The slope field for \(\frac{dy}{dx} = y \ln x\) is in Figure 2.9.9. The solutions have domain \((0, \infty)\) to satisfy the \(\ln x\) inclusion in the equation. They are mirrored above and belod the \(x\) axis. They look to start descending steelply from the \(y\) axis, reach a max or min at \(y = \pm h\text{,}\) then diverge away from the axis again. They have vertical asymptotes at \(x=0\text{.}\) Their ranges seem to be \((\pm h, \pm \infty)\text{.}\) Note I can also see the \(y=0\) singular solution in the slope field.

The slope field for \(\frac{dy}{dx} = x^2 + y^2\) is in Figure 2.9.10. The solutions look to be steep function starting at one vertical asymptote and ending at another (unless, again, the asymptotes are just rapid growth).
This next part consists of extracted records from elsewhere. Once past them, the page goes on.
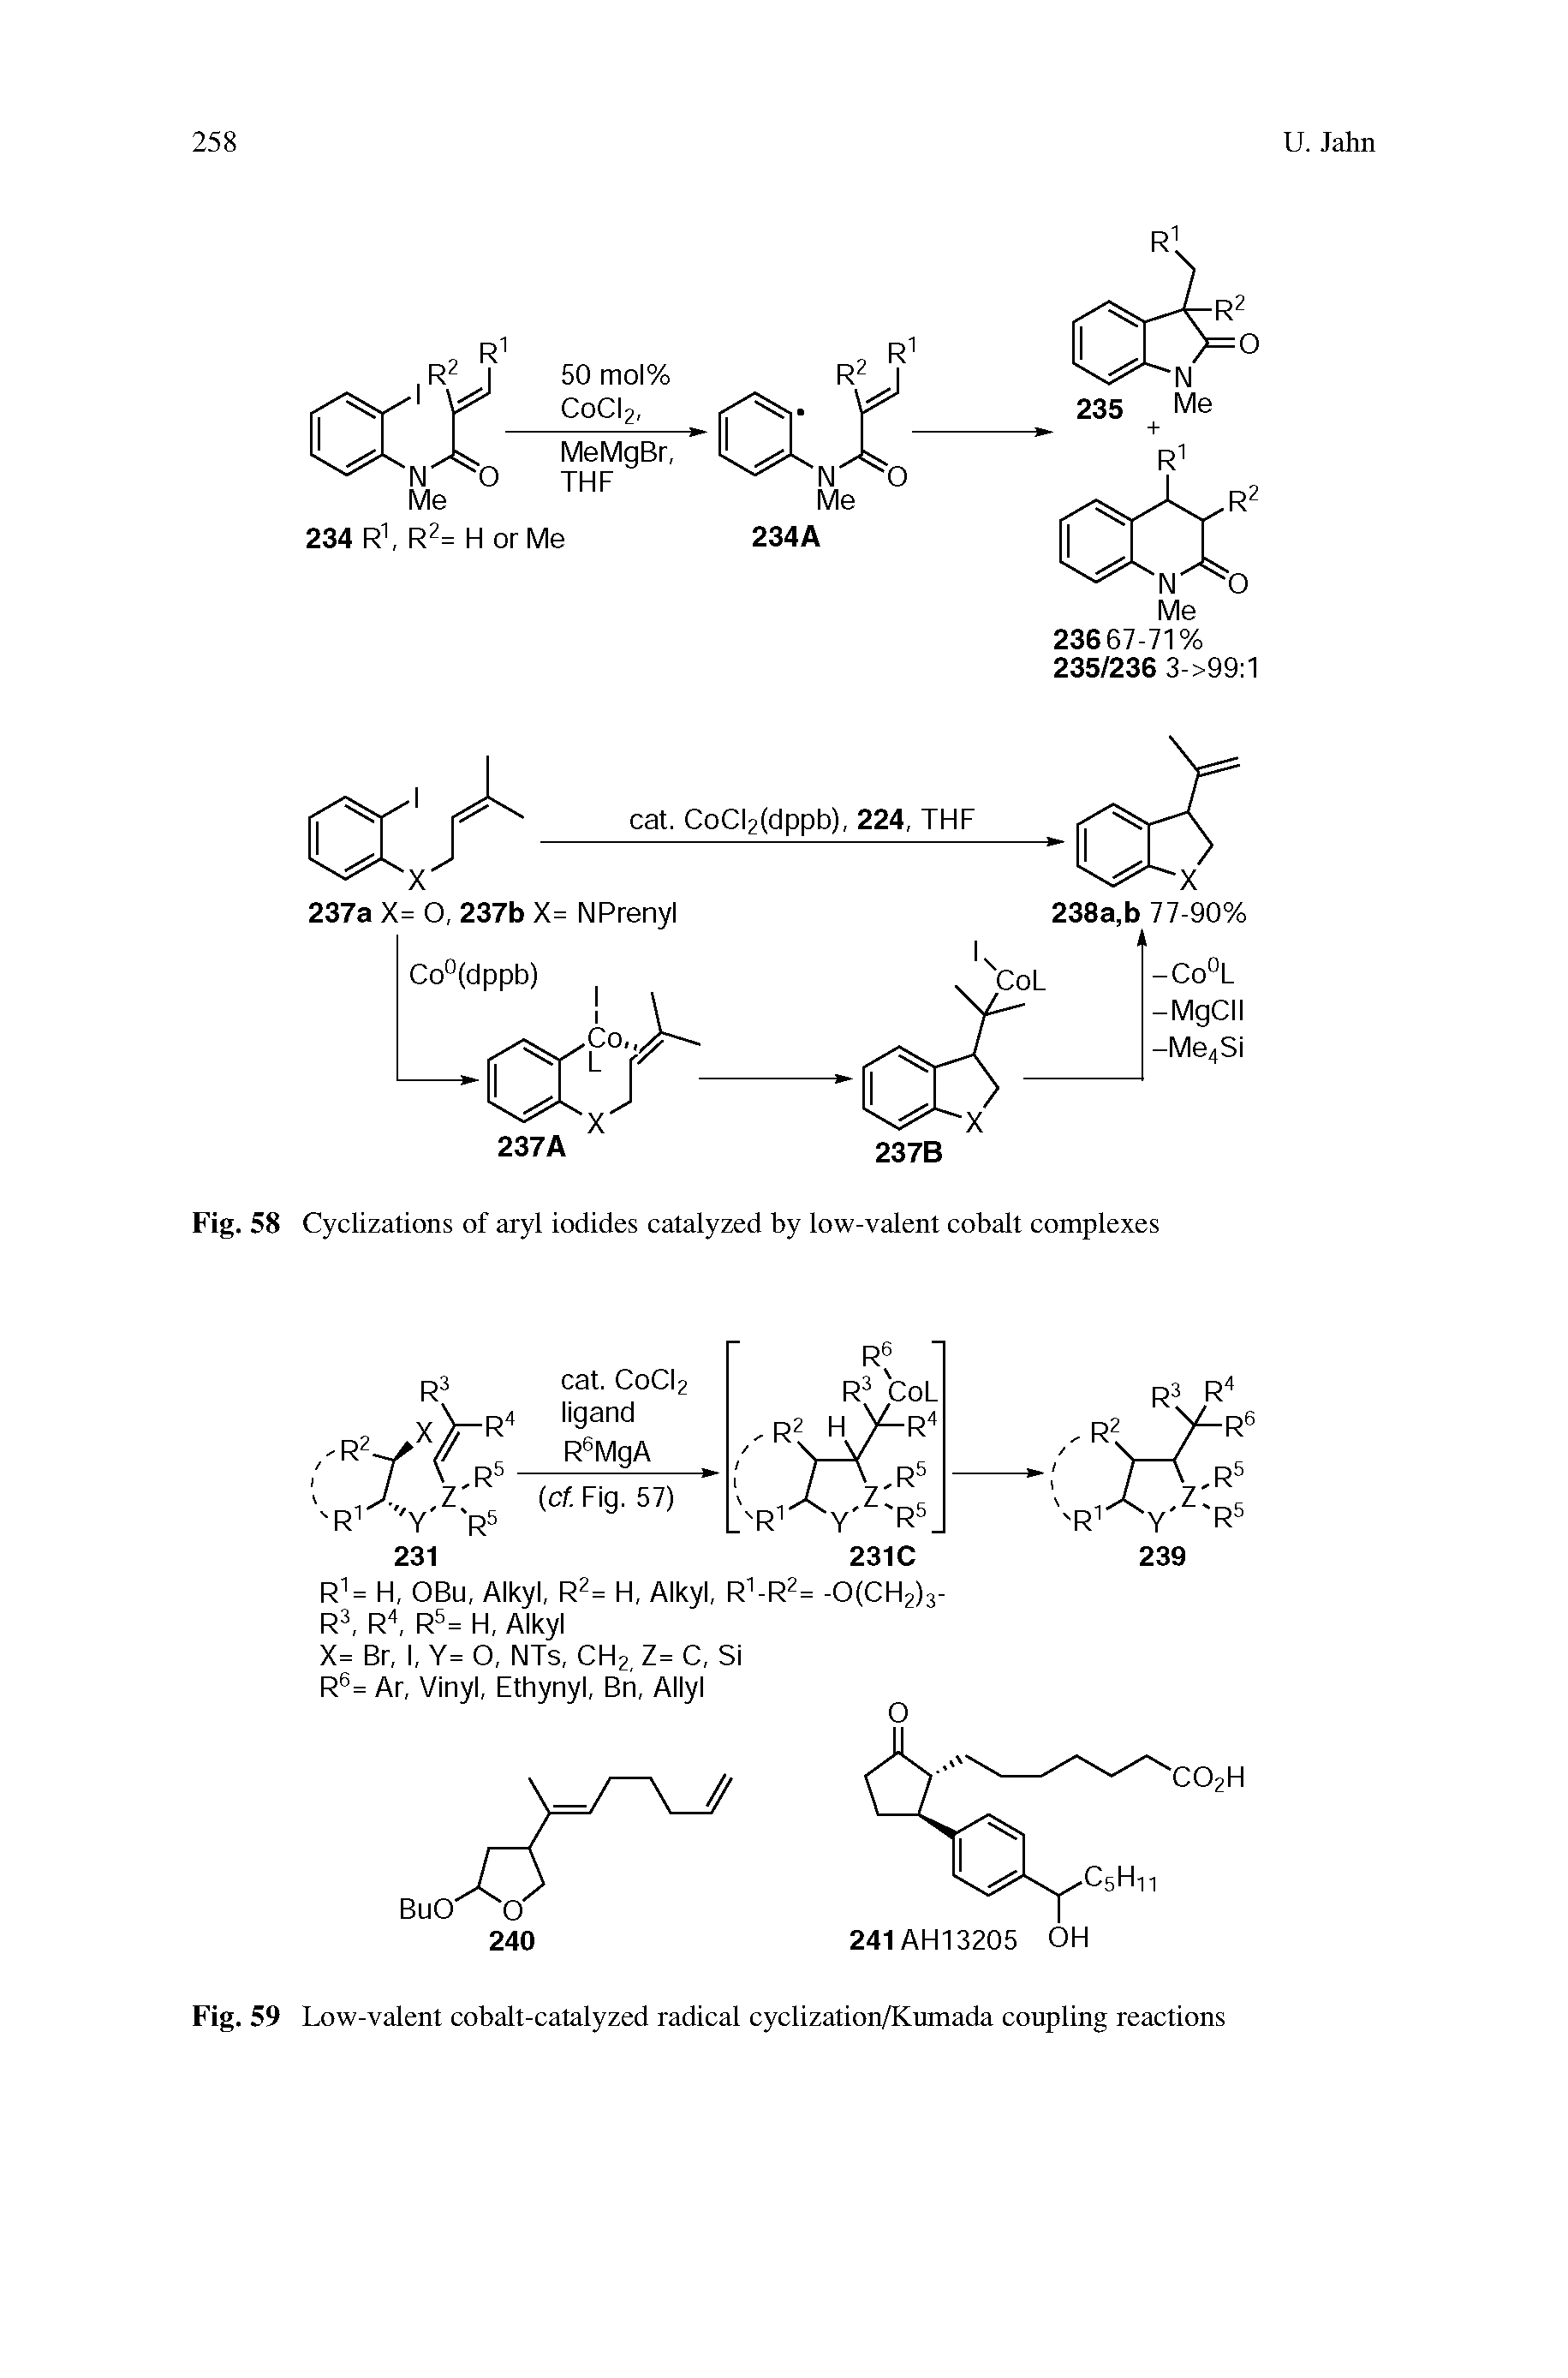 Fig. 59 Low-valent cobalt-catalyzed radical cyclization/Kumada coupling reactions...
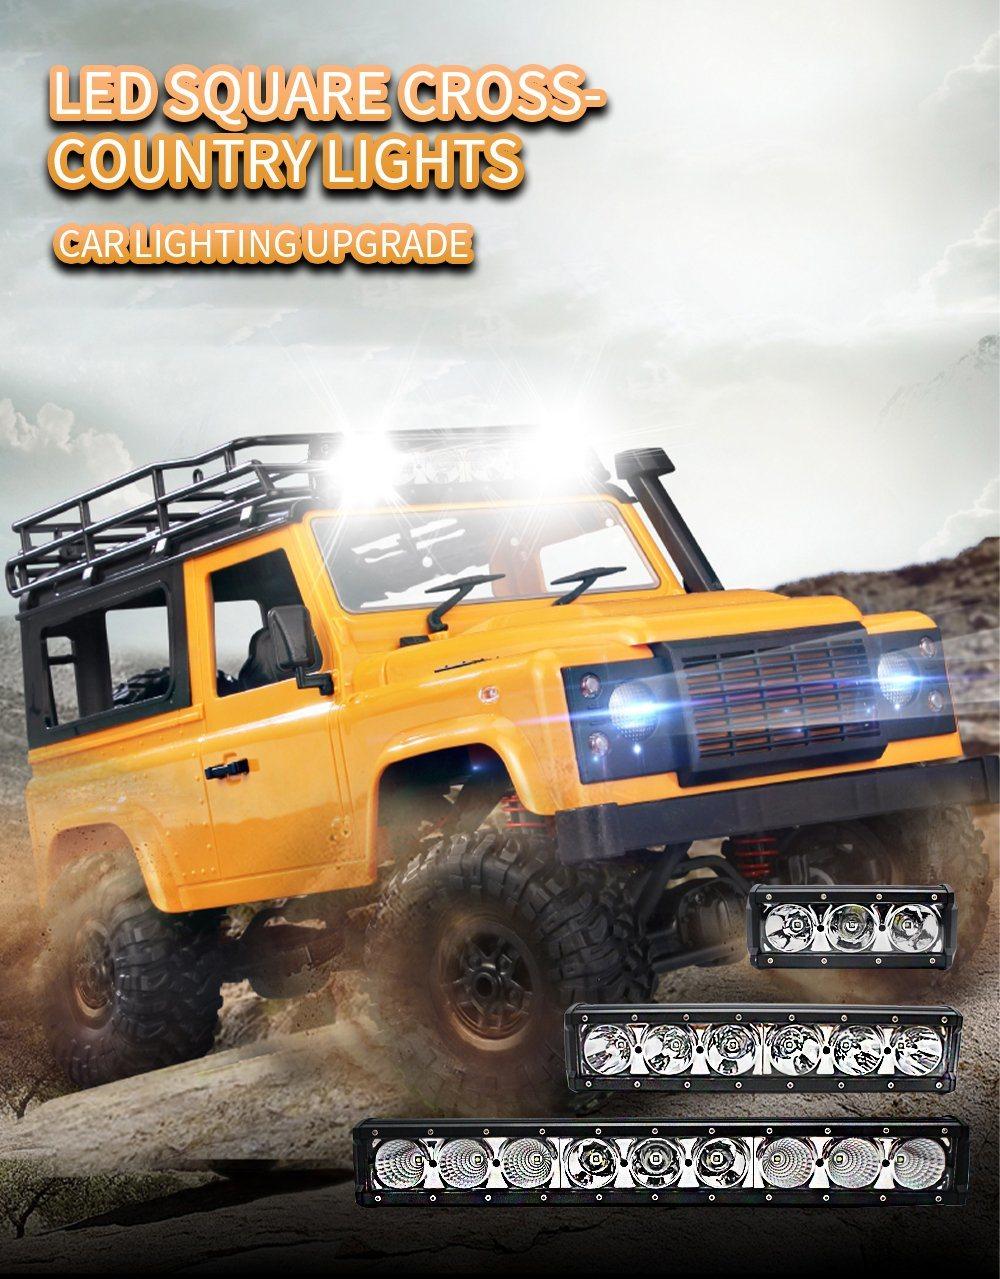 12V LED Light Work30W 60W 90W 120W 150W LED Light Bar for 4X4 Offroad Truck
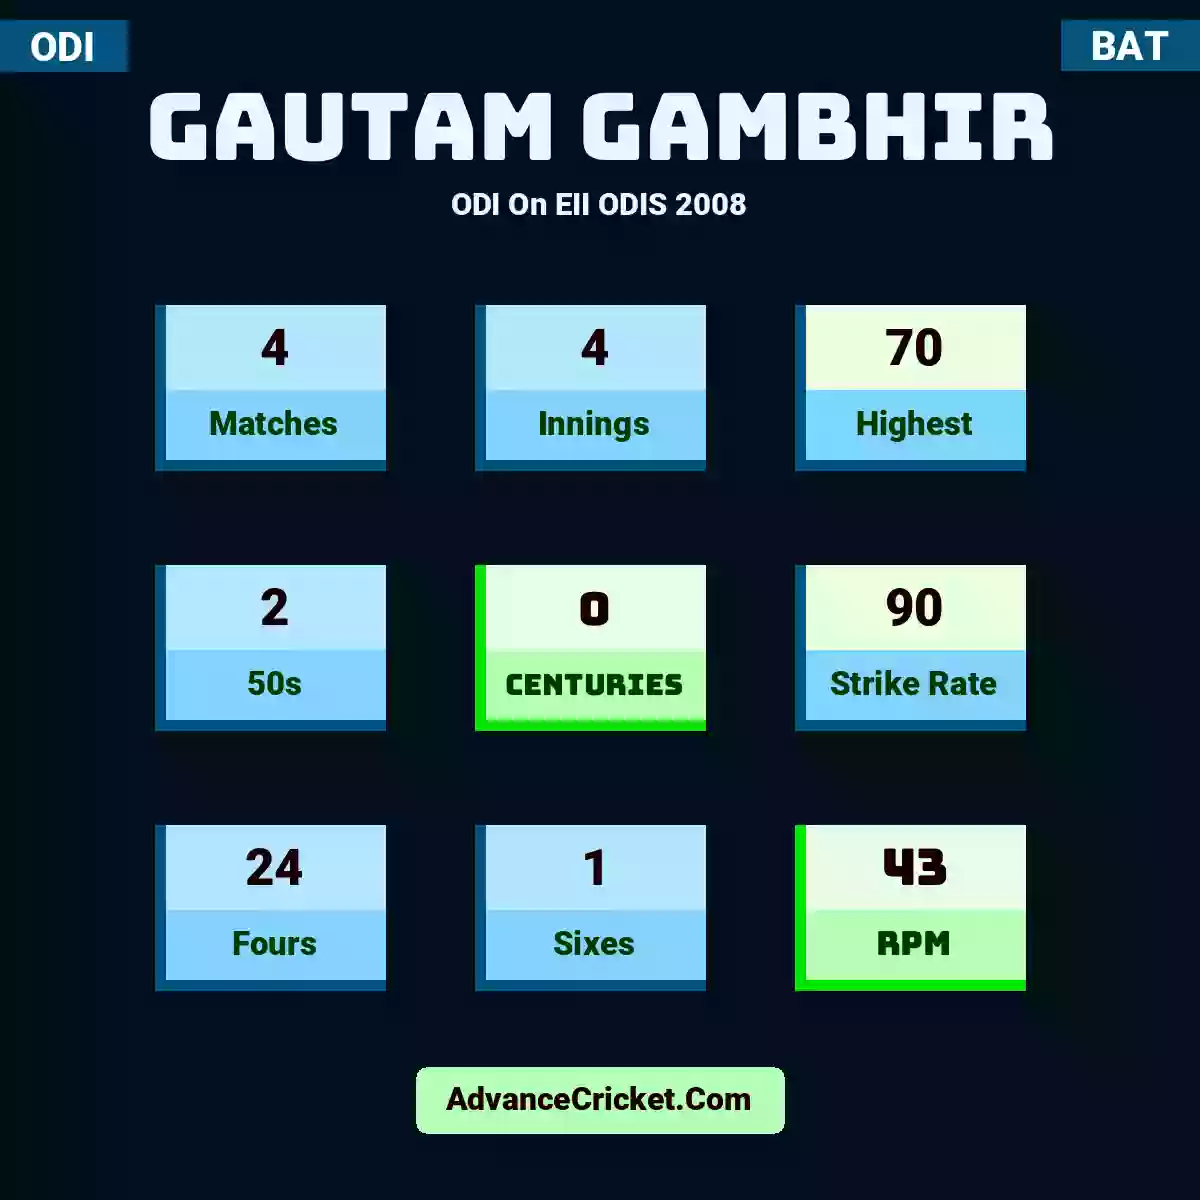 Gautam Gambhir ODI  On EII ODIS 2008, Gautam Gambhir played 4 matches, scored 70 runs as highest, 2 half-centuries, and 0 centuries, with a strike rate of 90. G.Gambhir hit 24 fours and 1 sixes, with an RPM of 43.

The function that passes through the origin looks either like a tangent function or a high power odd polynomial \(x^{2n+1}\text{.}\) The later is perhaps more likely, since there is a zero tangent at the origin. However, other function in the family lack this horizontal tangent. In any case, the range is clearly unbounded and the domain is either unbounded or fixed between the two vertical asymptotes.